Defending the nation's borders - Astra Microwave Products Ltd March 2018 issue

AMPL earned Rs. 1.31 crore worth of export incentives in FY 2014 versus Rs. 40.67 lakh in FY 2013

Defending the nation's borders - Astra Microwave Products Ltd

Not many companies can boast of Defence Research Development Organisation (DRDO), Indian Space Research Organisation (ISRO), Hindustan Aeronautics Limited (HAL) and Vikram Sarabhai Space Centre as their clients. Astra Microwave Products Limited (AMPL) can. Not many can boast of earning 65% of their revenue from exports. This company can. And not many saw their topline more than double last year. It did. What is it that makes this defence technology provider so special?

Shakti Shankar Patra | @TheDollarBiz

When the Indian army recently conducted a ‘low altitude near boundary trial’ of Akash, the Defence Research and Development Organisation (DRDO), Ordnance Factories Board (OFB) and Bharat Electronics Ltd. (BEL) developed surface-to-air missile (SAM) – the successful test being the last among validation trials – 67-year-old B. Malla Reddy, CEO & MD, Astra Microwave Products Ltd. (AMPL), was a satisfied man. For, although small, AMPL does play a part in the production of the indigenously developed SAMs. Born just a couple of weeks before India’s independence, the former Defence Research Development Laboratory scientist is the heart and soul of AMPL, which designs and manufactures high value-added radio frequency and microwave super components and sub-systems for the defence, space and civil communication industry. Founded in 1991, the company’s products include sub-systems for radars, command guidance units and radio proximity fuse for missiles and other counter measure warfare products. Although most of AMPL’s revenue comes from the defence segment, its products are also used in microwave & ground based systems for satellites and automatic rain gauge & weather systems.

 Firing away 

AMPL earns most of its revenue from two sources.

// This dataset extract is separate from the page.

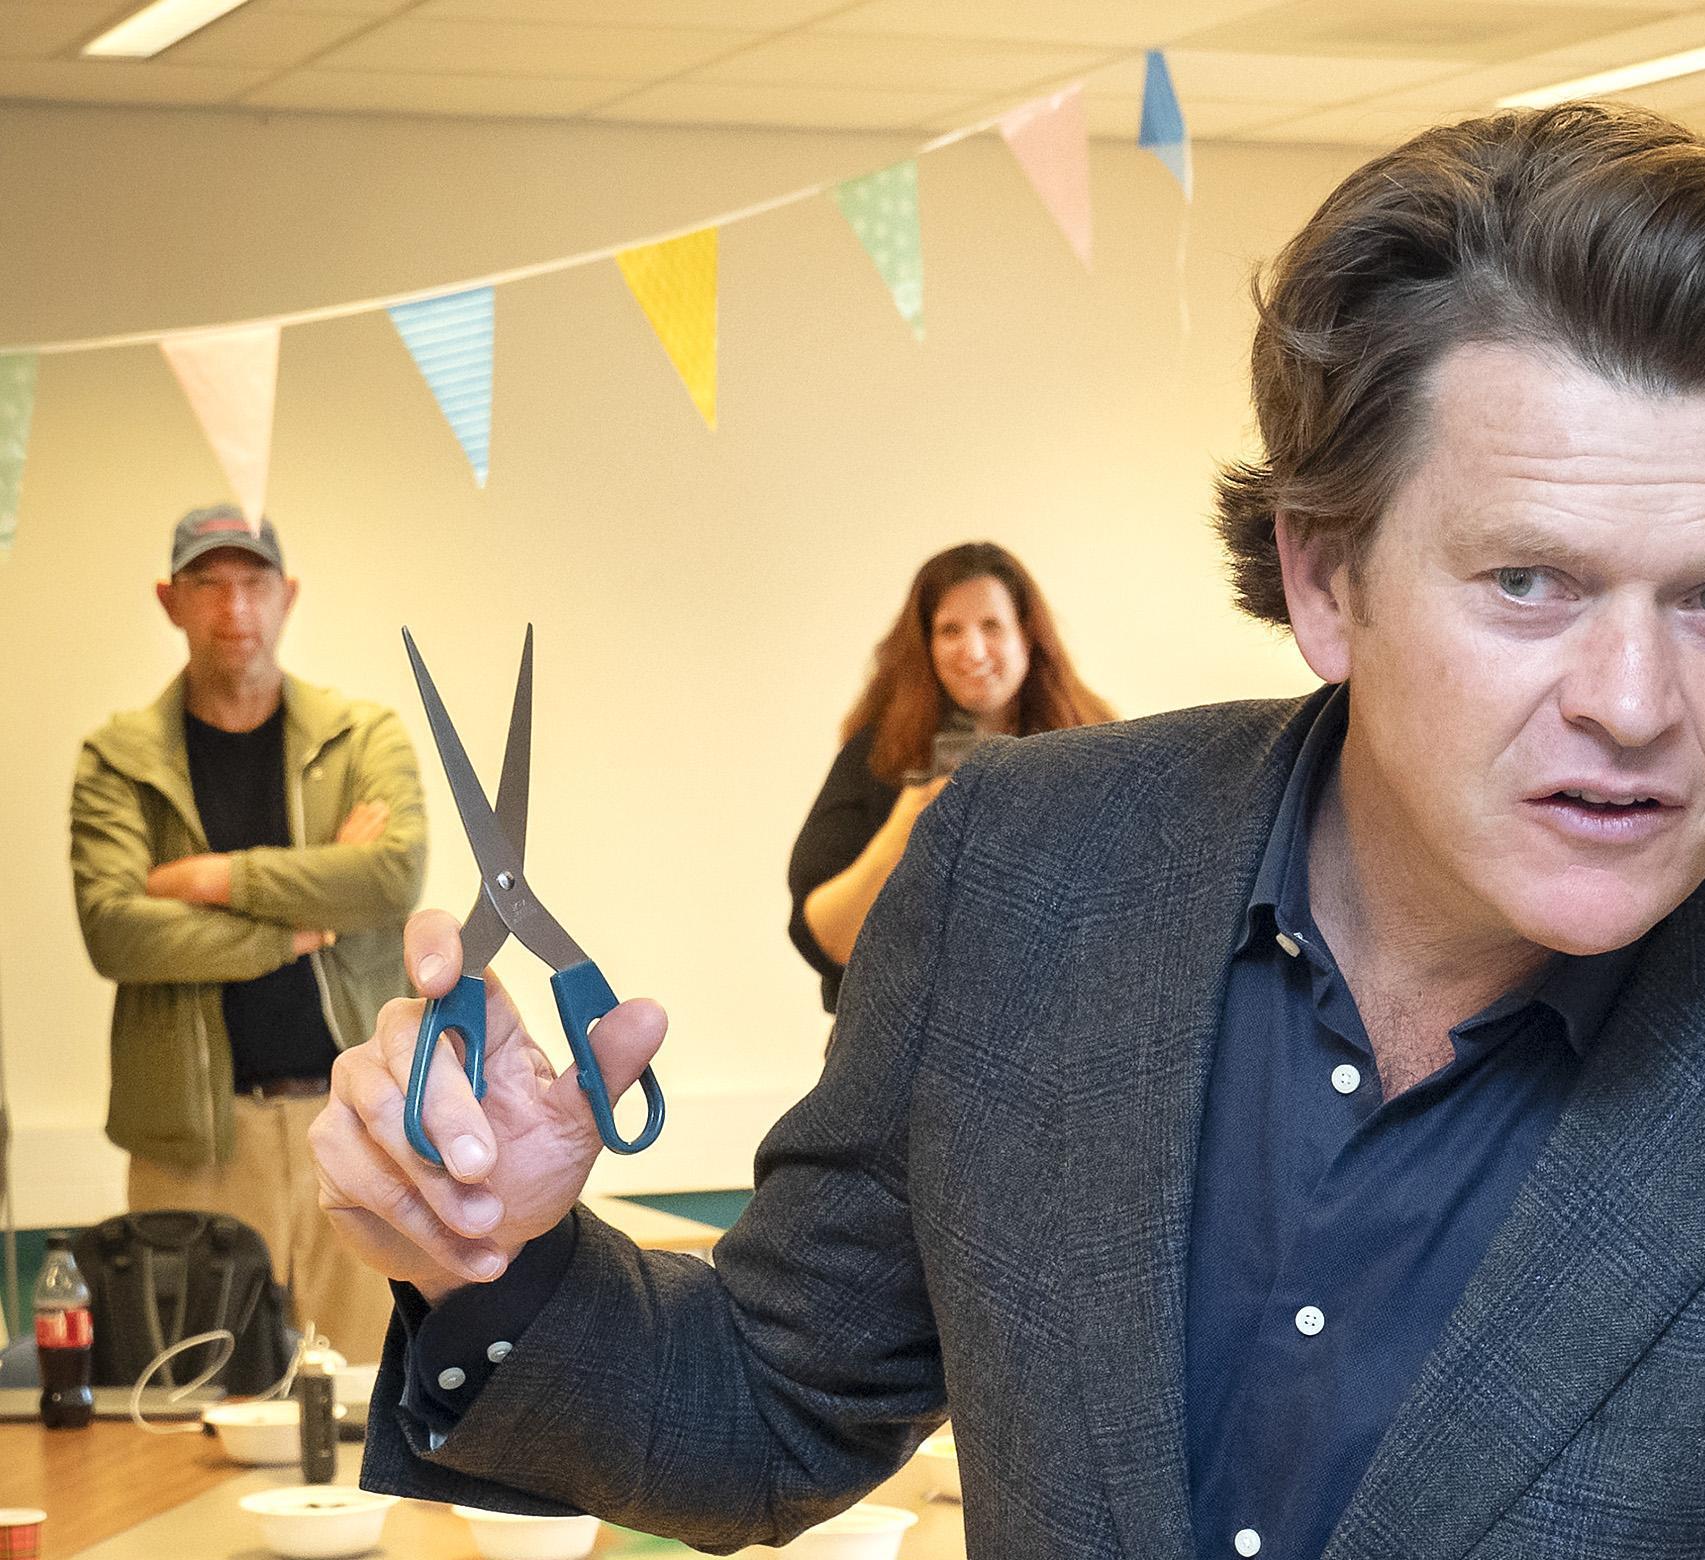 'Verwend nest en 'kakker uit Bloemendaal' opent radiostation voor psychiatrie. 'Ik ben blij dat ik iets terug kan doen'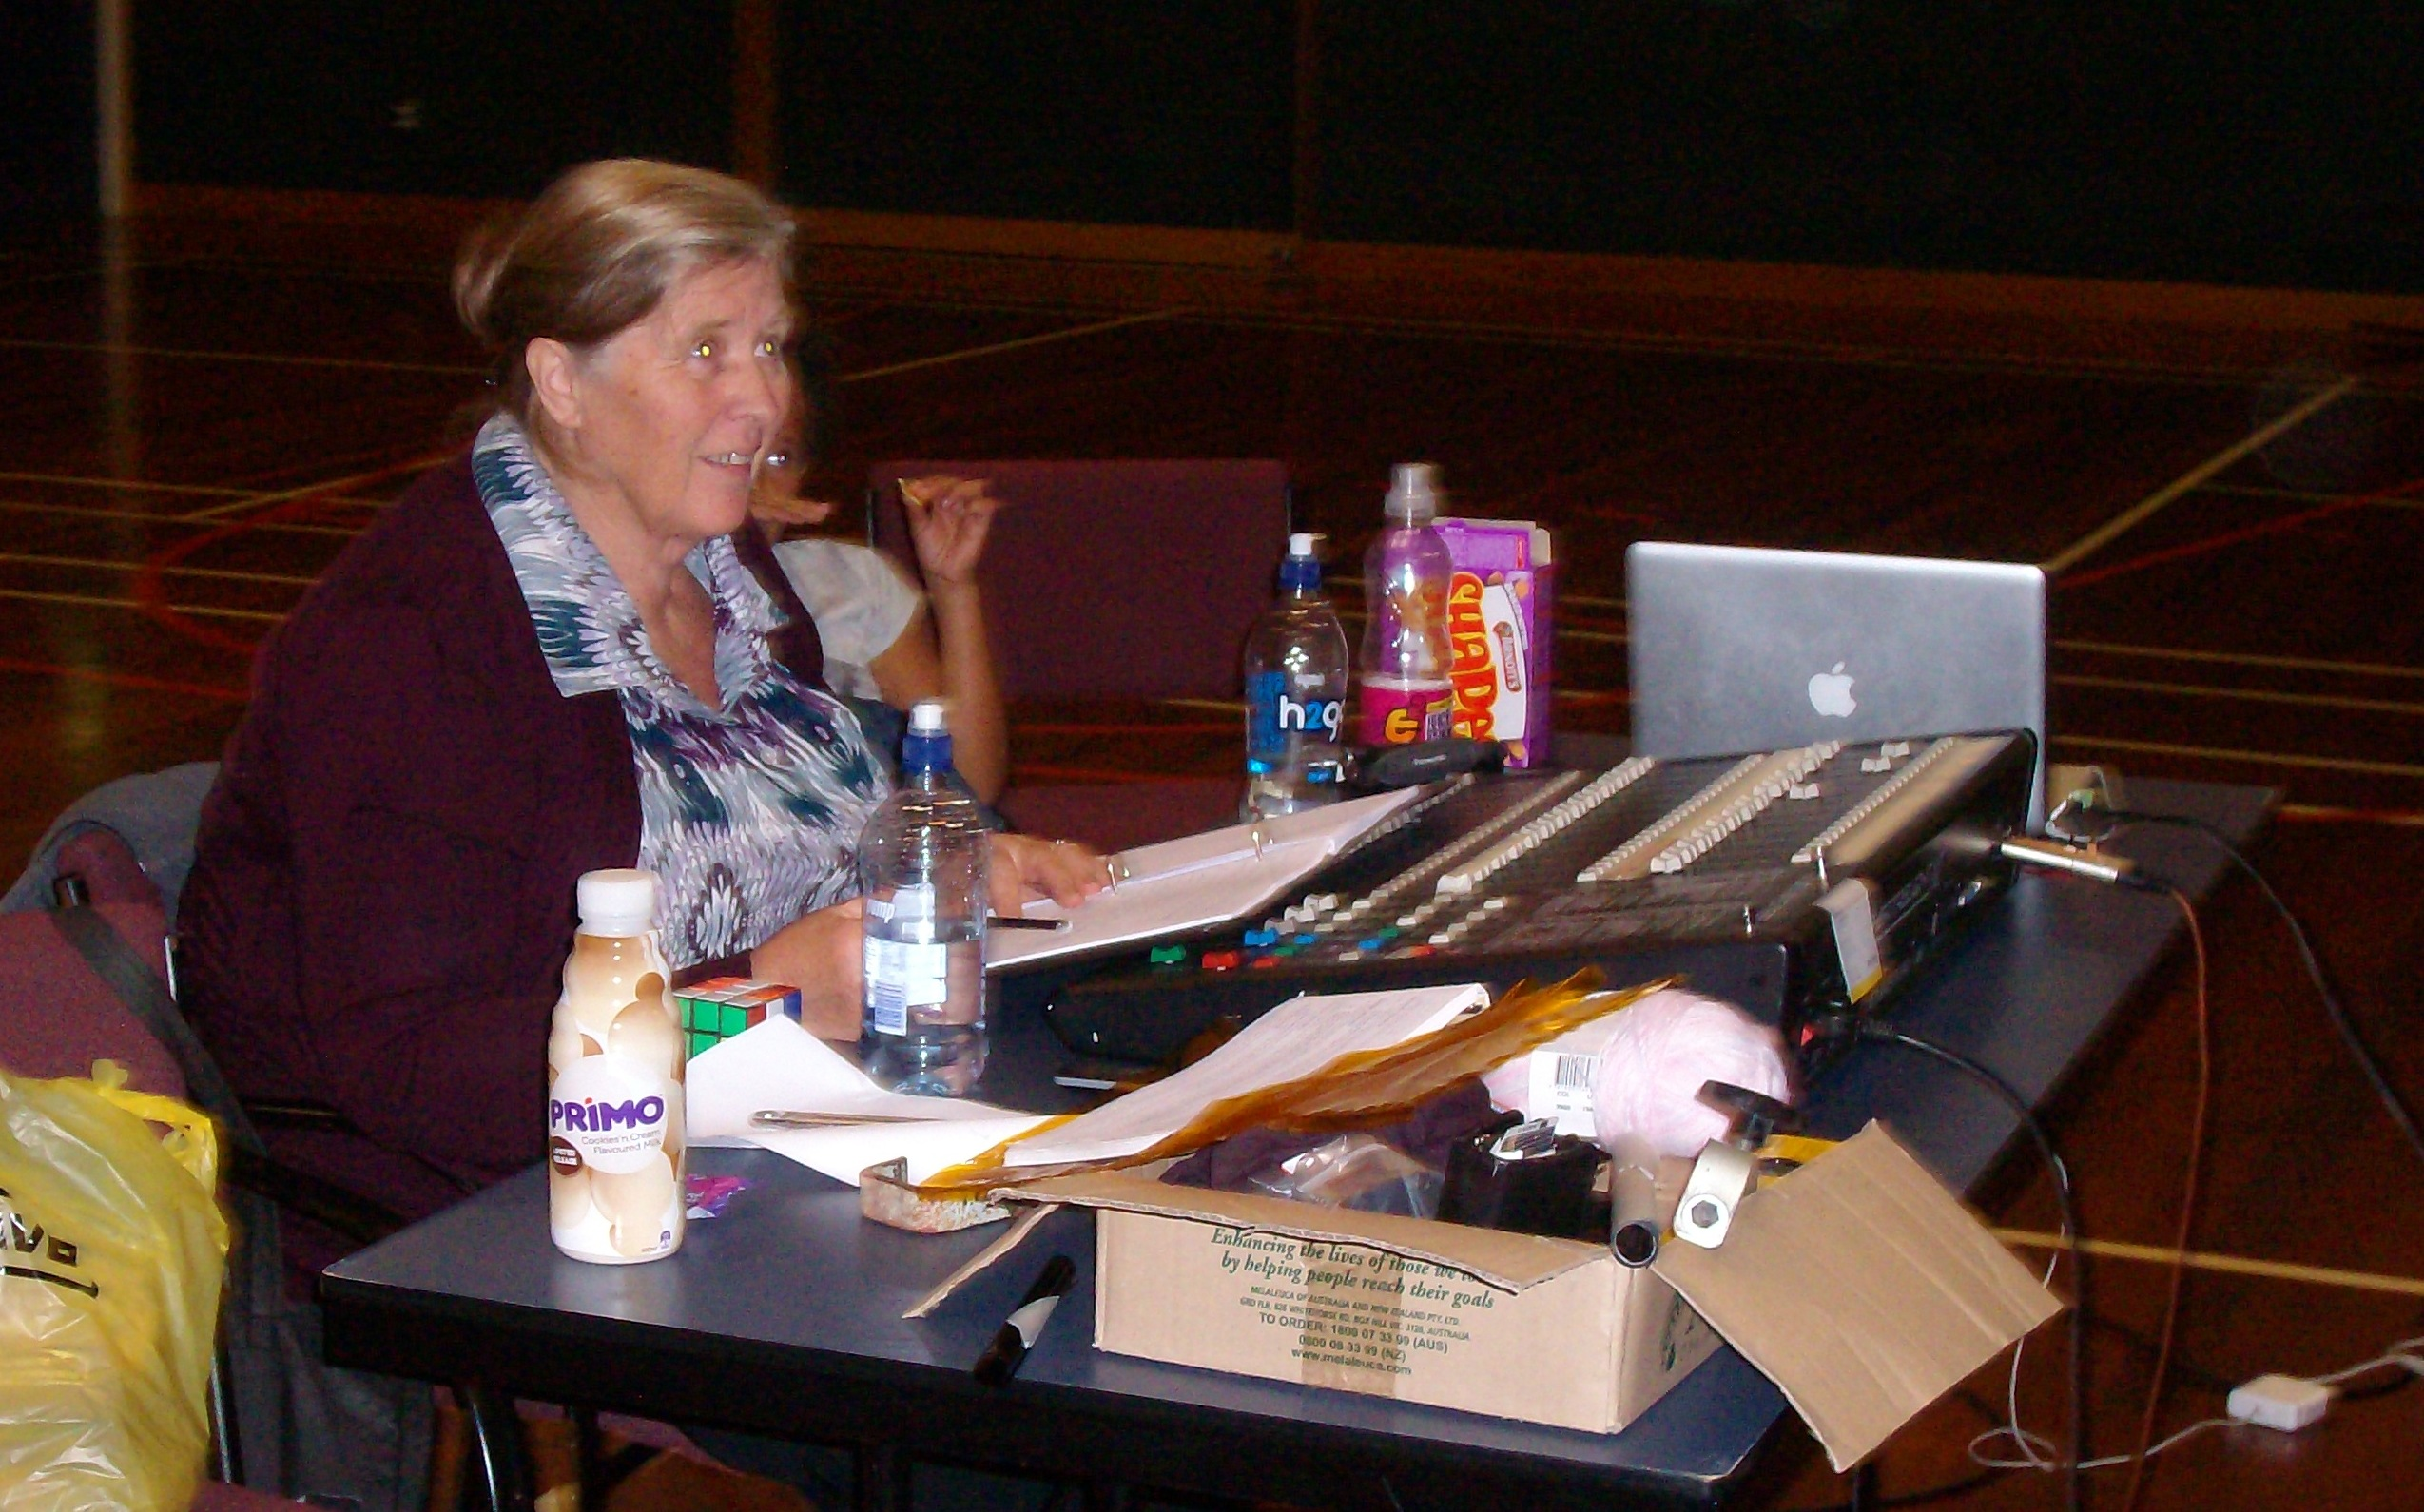 Cathie on the lighting desk

Firstly, when DRDO starts designing a defence equipment that would be beneficial to the armed forces, it outsources the development of various components of the equipment to firms like AMPL. Once AMPL gets such a R&D order, it develops the component in its laboratories and then hands it over to DRDO. Once DRDO receives all the necessary components, it integrates them and lets the armed forces take a final call on its efficacy. And once the armed forces give a thumbs up to the equipment, DRDO transfers the technology to defence PSUs and AMPL automatically gets an order to manufacture the component that it had developed. Here, AMPL earns its revenue from DRDO by (a) developing the product, and from defence PSUs by (b) manufacturing the component. The other, relatively new but large, source of revenue for AMPL is exports. Thanks to the defence offset policy of the government, which mandates a foreign vendor to source at least 30% of the value of an order (when the order is worth Rs.300 crore or more) from Indian manufacturers, almost every time India places a large defence order abroad, AMPL ends up receiving orders to supply components to foreign manufacturers. For instance, if India decides to buy $1 billion worth of fighter jets from Lockheed Martin (say), the company has to procure $300 million worth of components from Indian manufacturers like AMPL. Other than this, AMPL also earns a bit of its revenue from supplying components to agencies like Indian Space Research Organisation (ISRO).

 

Although several other companies also help DRDO design defence equipment for the armed forces, AMPLs contribution is remarkable. In a note published by DRDO last year, the agency notes that “AMPL has a long association with Defence in design, development and manufacturing of RF and microwave systems for radar, telemetry, surveillance and Radio Proximity Systems (RPS).” The note also adds that “AMPL has developed Radio Proximity Fuse System for the production of Akash, Advance Air Defence, PDV and Astra missiles.” Net Sales, OPM and Profit Margin-The Dollar Business Exports by Astra Microwave-The Dollar Business Roger that 

Being the only listed company of its kind, AMPL is very highly regarded by a certain section of Dalal Street. Brokerage house ICICI Direct feels AMPL is uniquely placed to “benefit from India’s missile programme.” In a recently released report, the brokerage claims that each Akash missile – 5,000 of which are to be produced over the next few years – will give AMPL about Rs.15 lakh of business. Analysts also feel that even if a small portion of AMPL’s R&D initiatives end up in the production stage, its revenue and profit will go through the roof. Speaking at the AGM in July, AMPL’s Chairman, Shiban Koul shared similar sentiments. He said, “The existing R&D center is working on bringing out new products to broad base the product offerings for the domestic market. It is undertaking development work on products like Seekers, Advance Radar Warning Receivers and Wind Profile Radar, which has the potential to deliver volume business down the line.” The focus of the Modi government to reduce defence imports, which was validated by its decision to allow 49% FDI in the defence industry, can also be a game changer for AMPL. But the real reason why AMPL has been in focus in recent months and for its shares to have quadrupled in the last 12 months is, without doubt, exports. Thanks to the government’s defence offset policy, AMPL had got a massive order from Israel-based ELTA systems, the execution of which saw exports rise six-fold and revenue more than double in FY2014.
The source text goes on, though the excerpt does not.